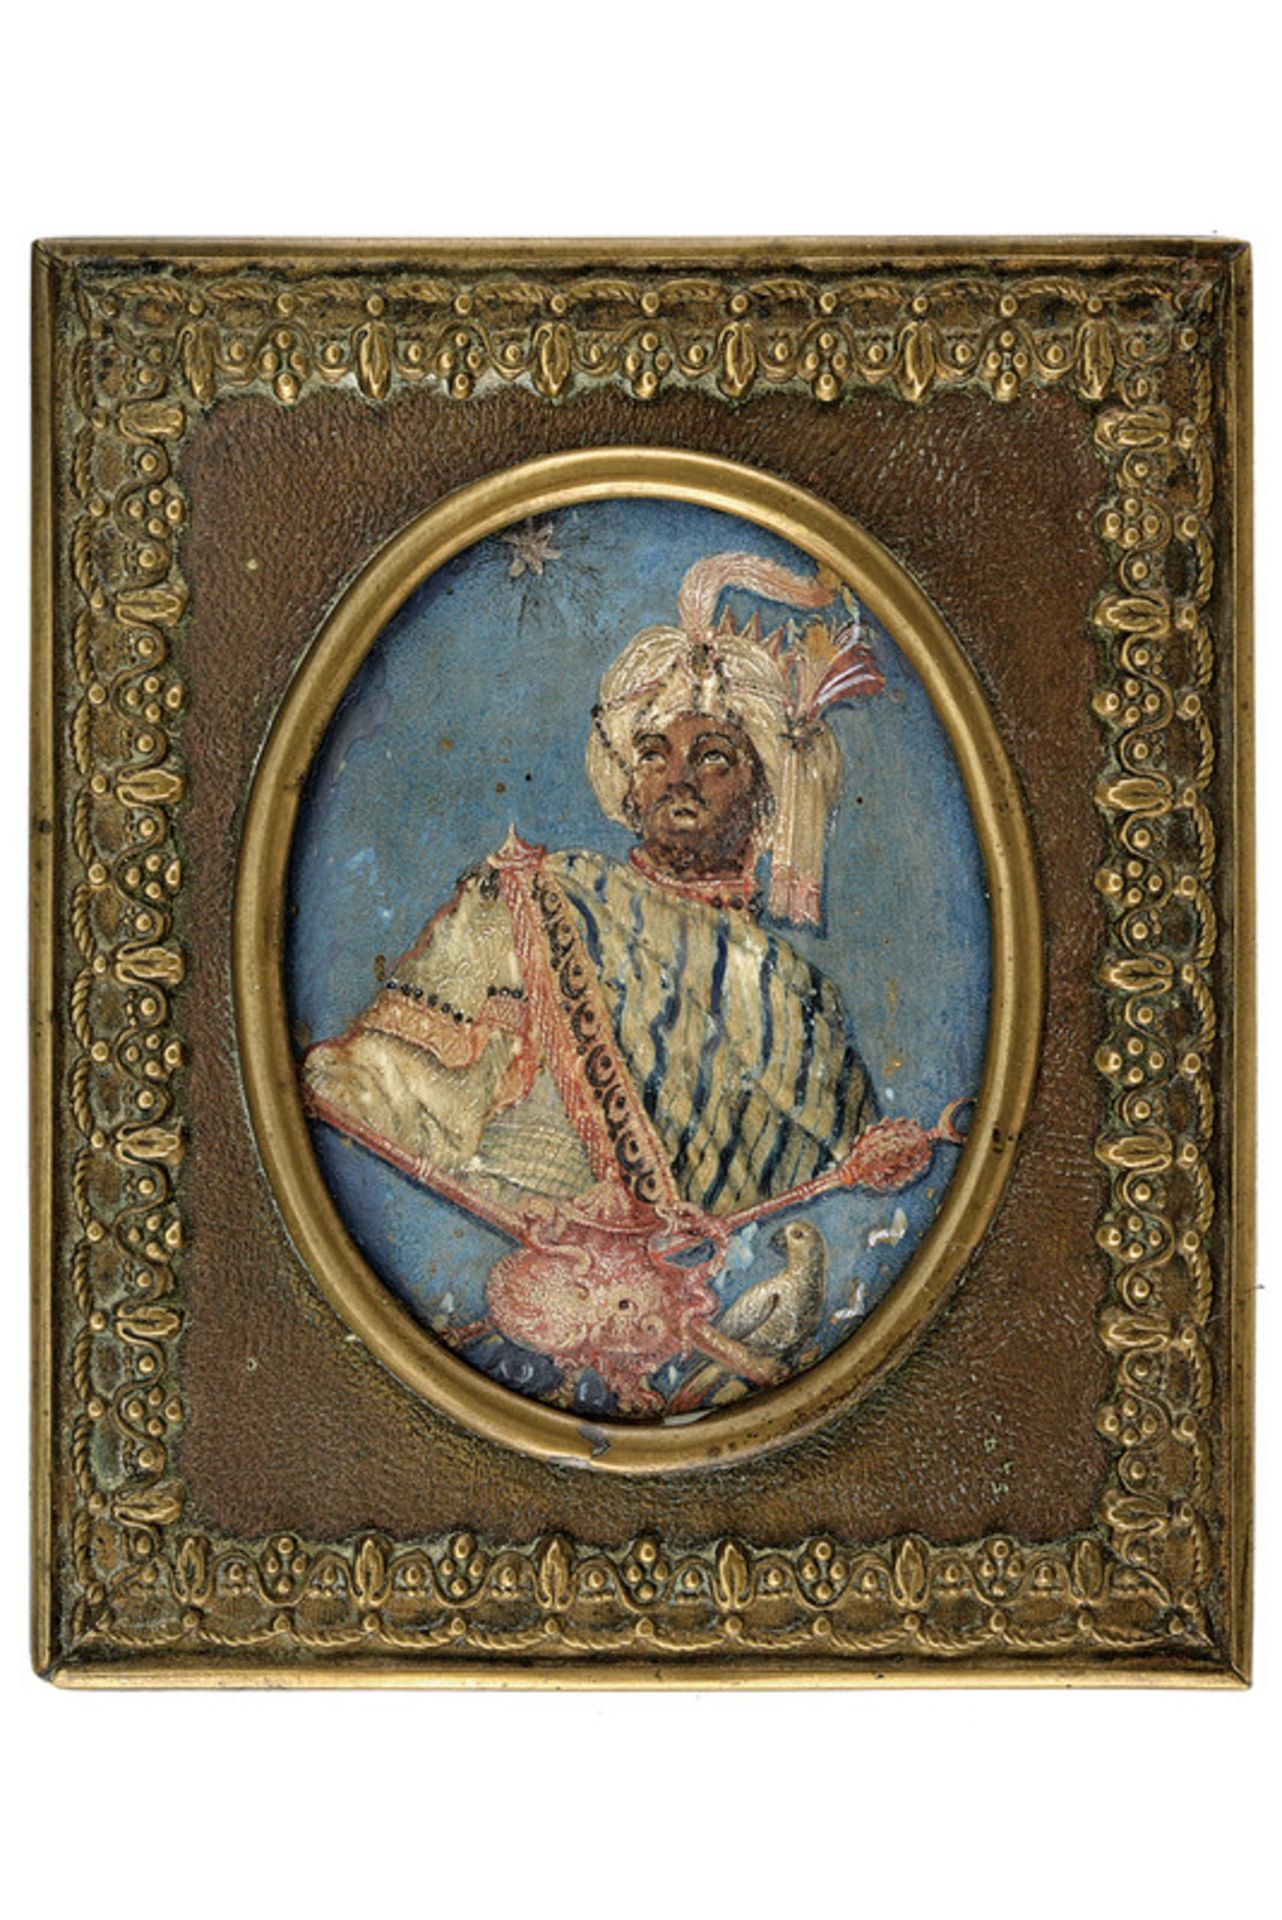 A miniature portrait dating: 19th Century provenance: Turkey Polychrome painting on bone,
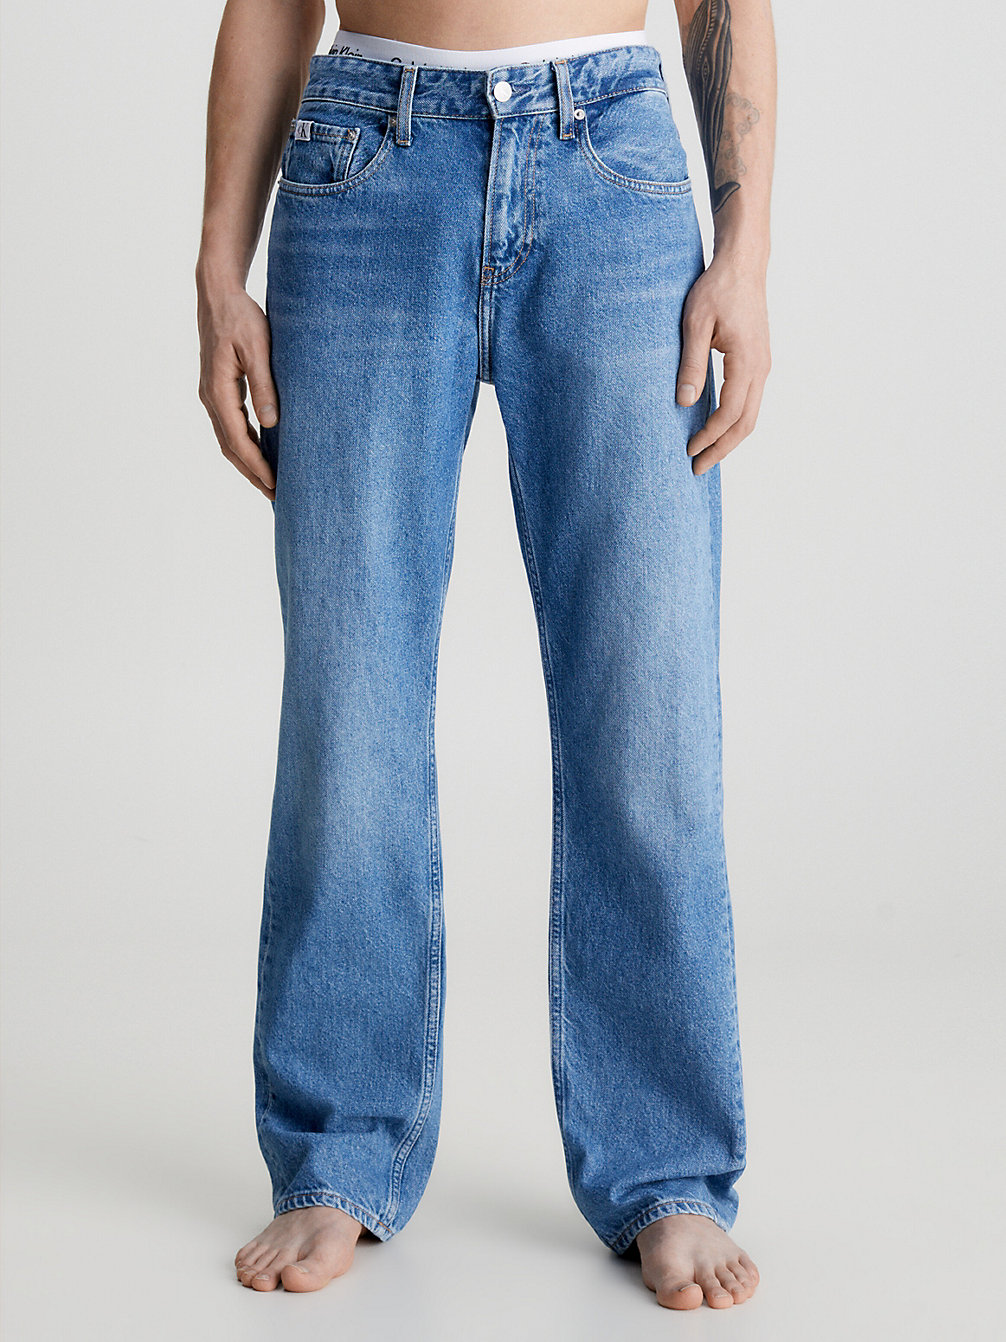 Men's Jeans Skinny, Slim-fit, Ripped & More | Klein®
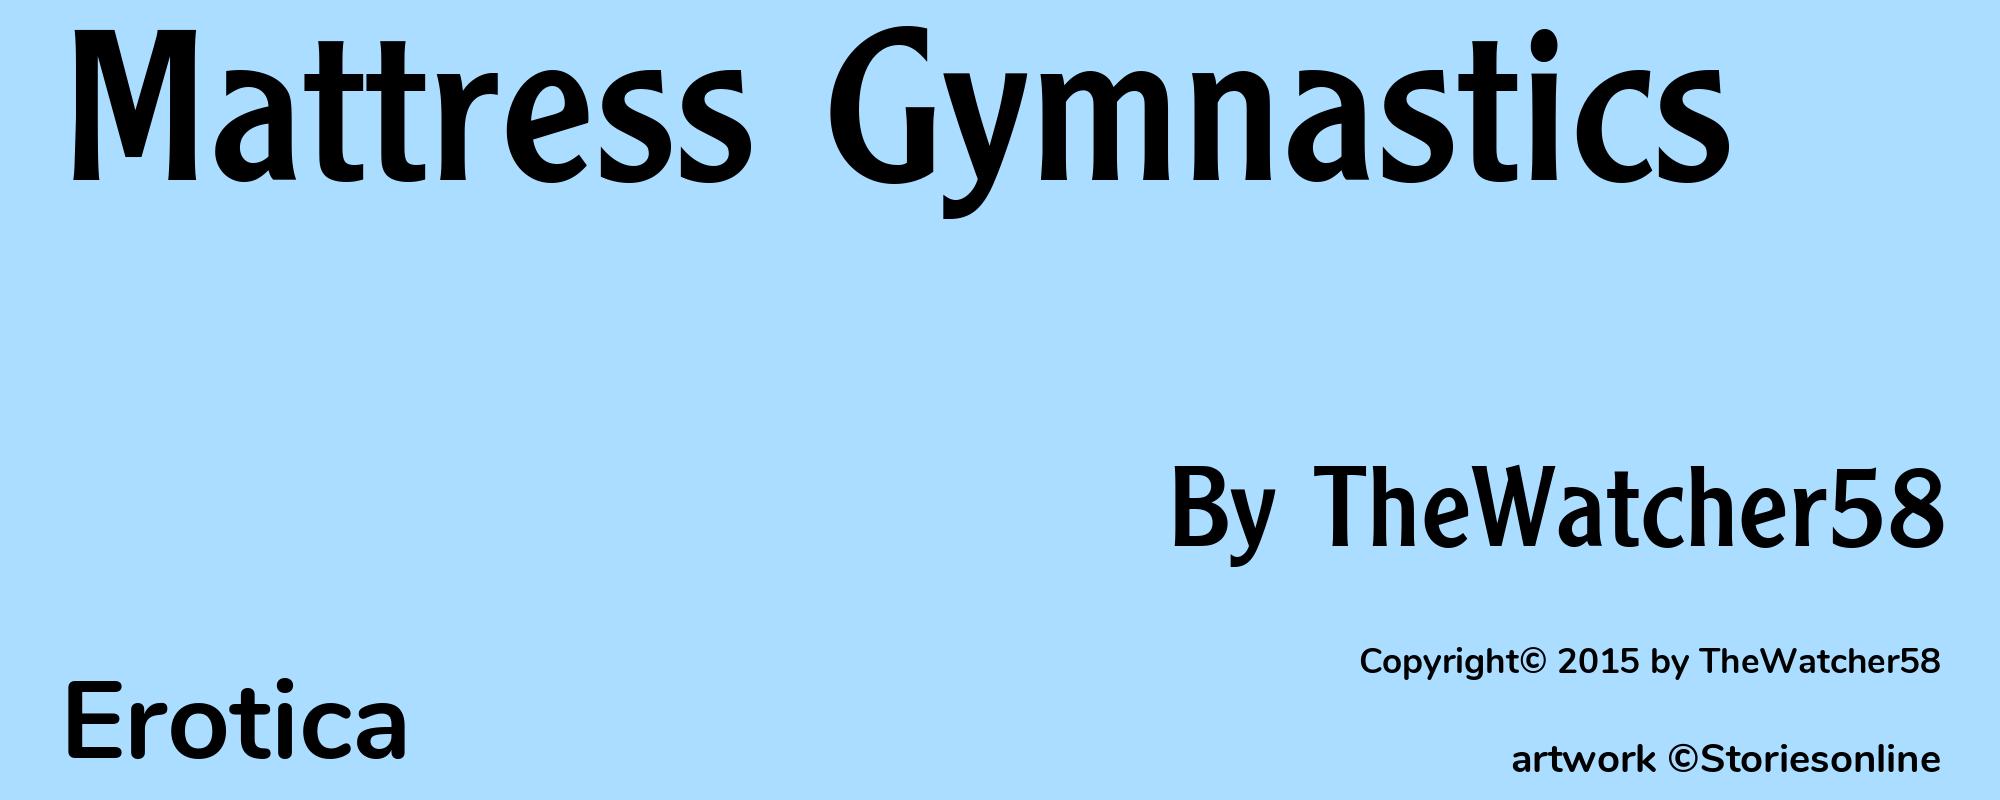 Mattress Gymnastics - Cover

About this exercise: Beginning with the line that bears "Men's Jeans Skinny, Slim-fit, Ripped", output each line through the last line of the listing exactly, and no others; skip the pictures.

Exercise answer:
 Men's Jeans Skinny, Slim-fit, Ripped & More | Klein®
 Mattress Gymnastics - Cover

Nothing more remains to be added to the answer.